§ **What is required**: Starting at the line below with "Tiểu thương Đà" and stopping at the line with "SCANIA 124 400", please print each line exactly, those two included, and skip every picture.

START Source data

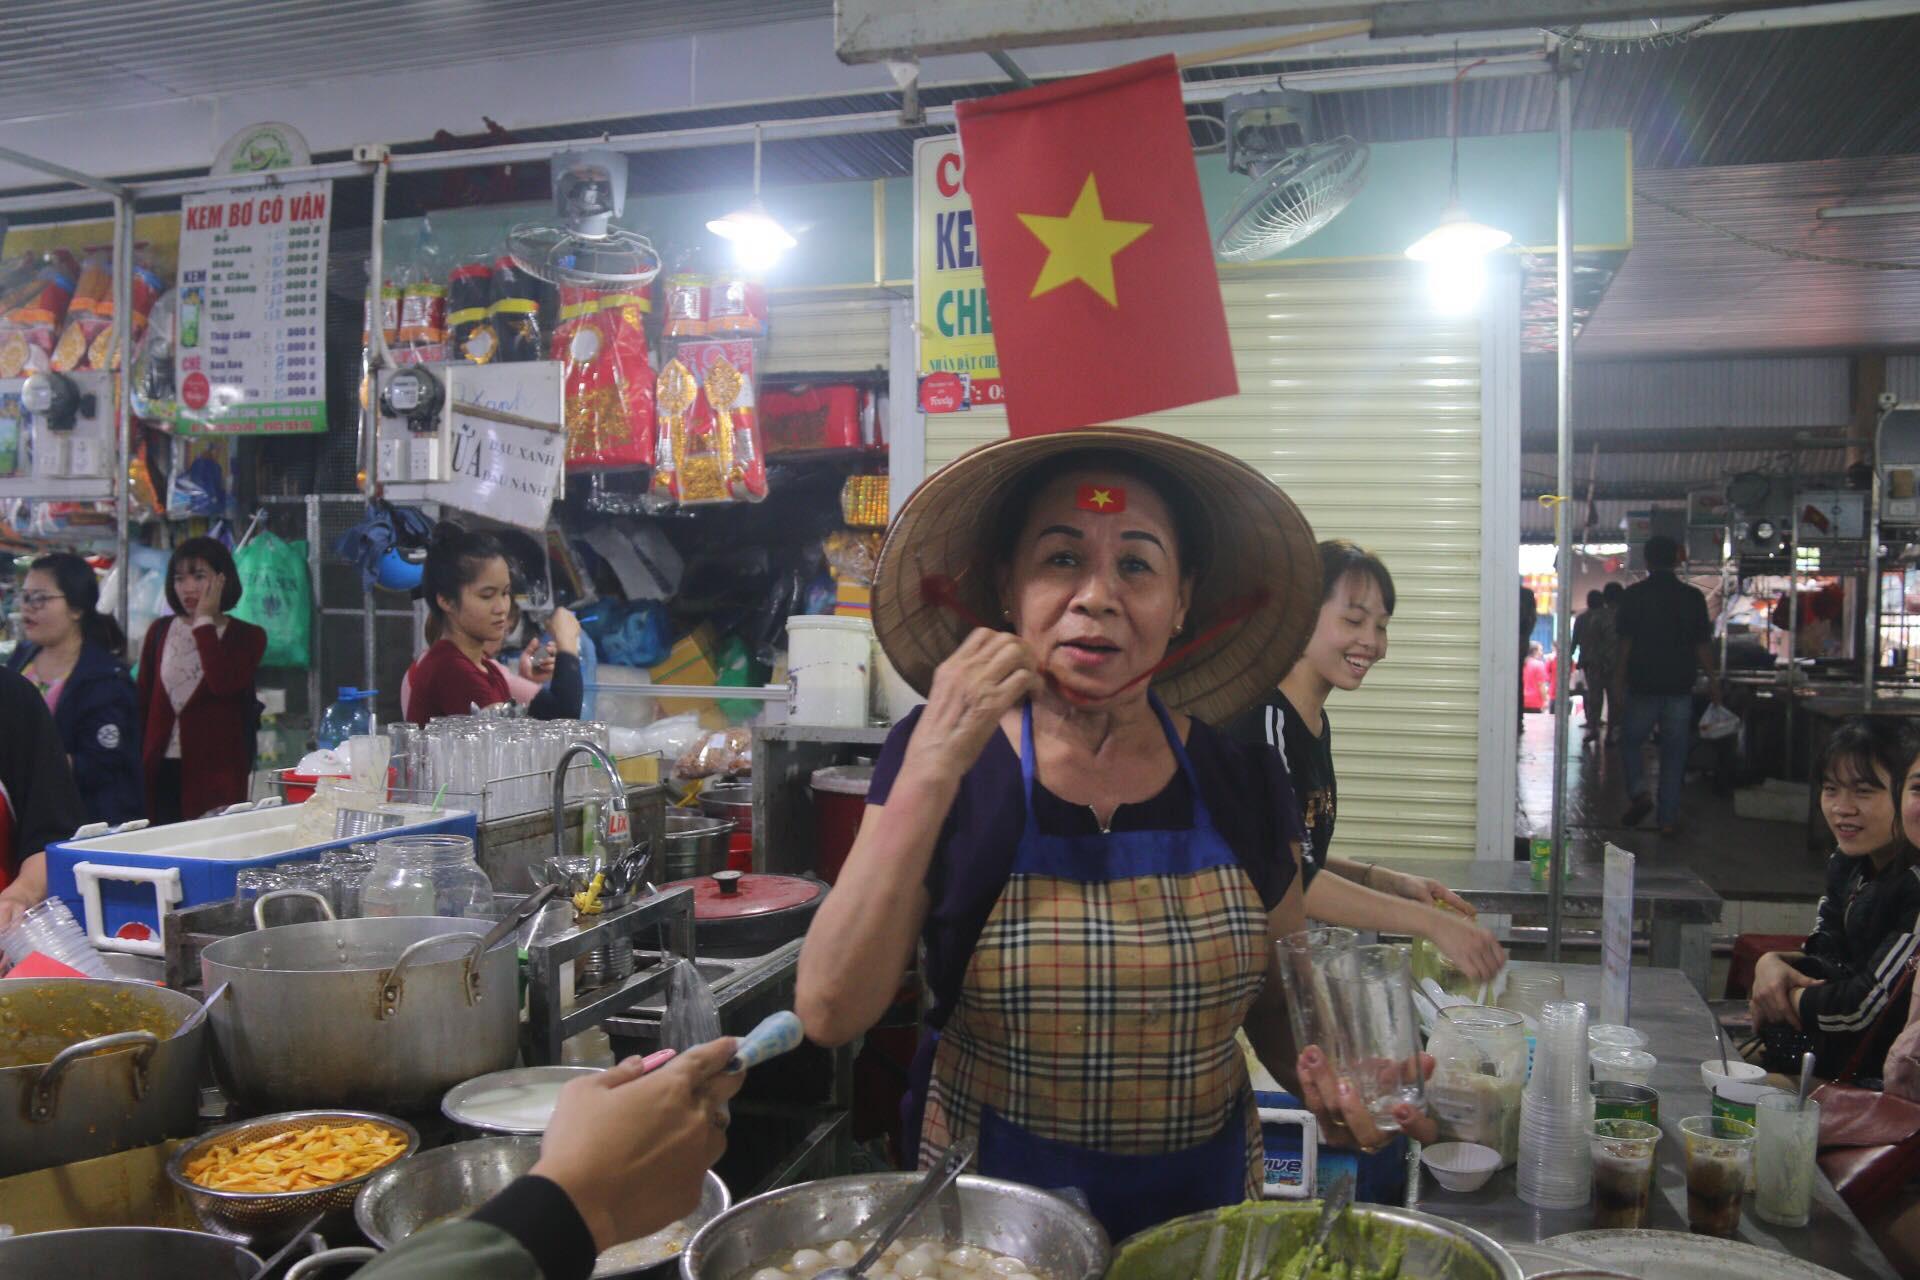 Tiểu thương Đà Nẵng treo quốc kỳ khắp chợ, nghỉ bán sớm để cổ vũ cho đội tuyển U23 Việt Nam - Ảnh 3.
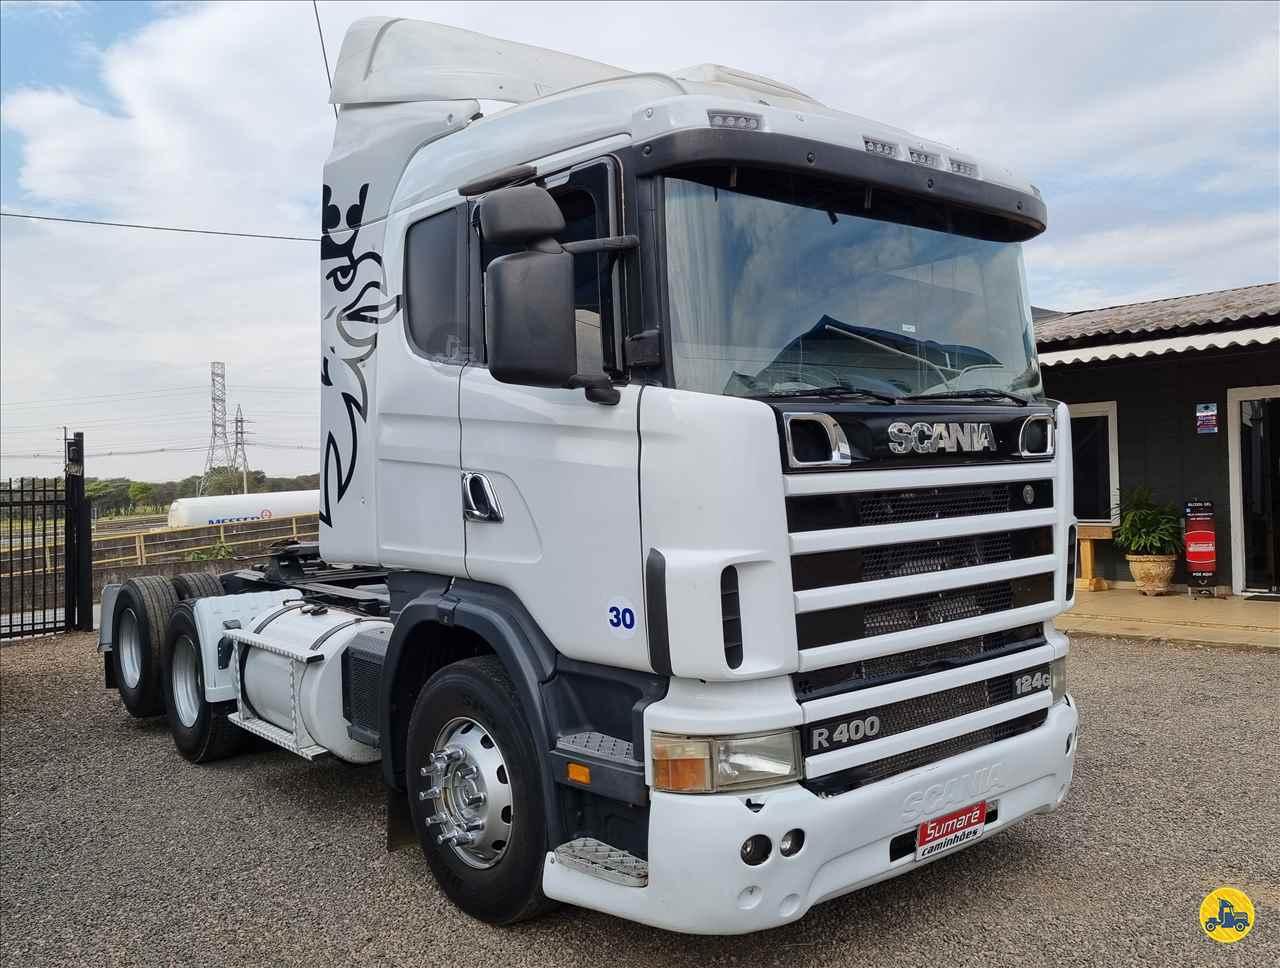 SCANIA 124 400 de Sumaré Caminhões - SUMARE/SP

END Source data
START Source data

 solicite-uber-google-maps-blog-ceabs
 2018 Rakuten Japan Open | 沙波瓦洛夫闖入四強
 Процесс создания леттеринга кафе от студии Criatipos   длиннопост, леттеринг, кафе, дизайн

END Source data
START Source data

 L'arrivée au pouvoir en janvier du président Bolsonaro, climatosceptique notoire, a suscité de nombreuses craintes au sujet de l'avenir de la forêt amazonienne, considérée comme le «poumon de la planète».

END Source data

§ **Exercise result**:
 Tiểu thương Đà Nẵng treo quốc kỳ khắp chợ, nghỉ bán sớm để cổ vũ cho đội tuyển U23 Việt Nam - Ảnh 3.
 SCANIA 124 400 de Sumaré Caminhões - SUMARE/SP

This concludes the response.